From the records below, extract only the lines running from the line with "Buy Edible Marker Pen Bright Blue in NZ." to the line with "Single beautiful yellow rose Stock Photo", both lines included, reproducing them exactly.

Records
**********

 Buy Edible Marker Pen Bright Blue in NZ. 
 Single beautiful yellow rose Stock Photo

**********

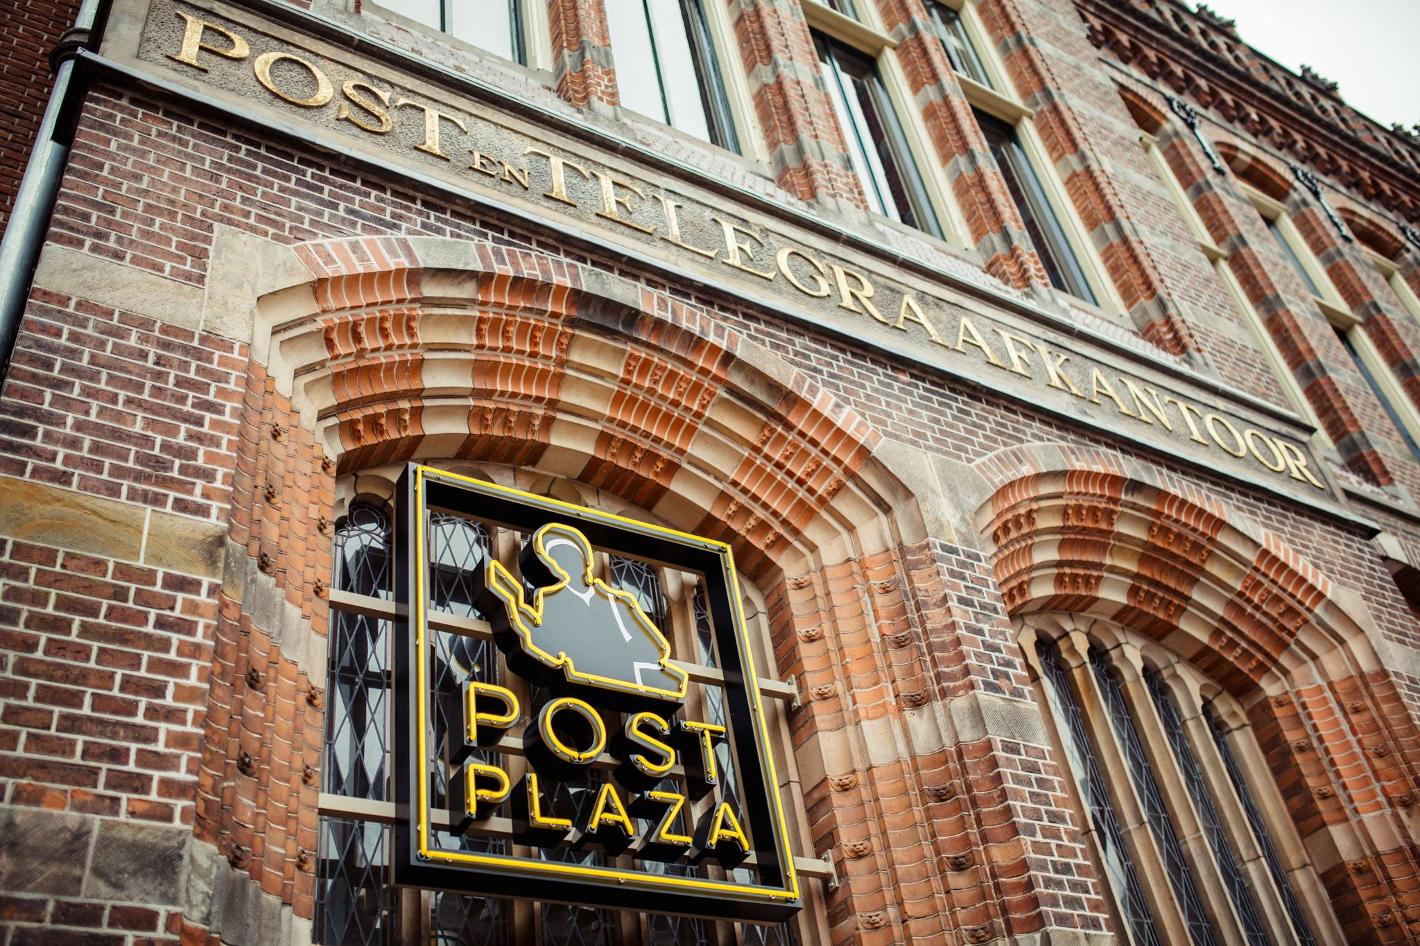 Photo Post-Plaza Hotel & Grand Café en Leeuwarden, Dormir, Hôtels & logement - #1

**********

Result of this task
 Buy Edible Marker Pen Bright Blue in NZ. 
 Single beautiful yellow rose Stock Photo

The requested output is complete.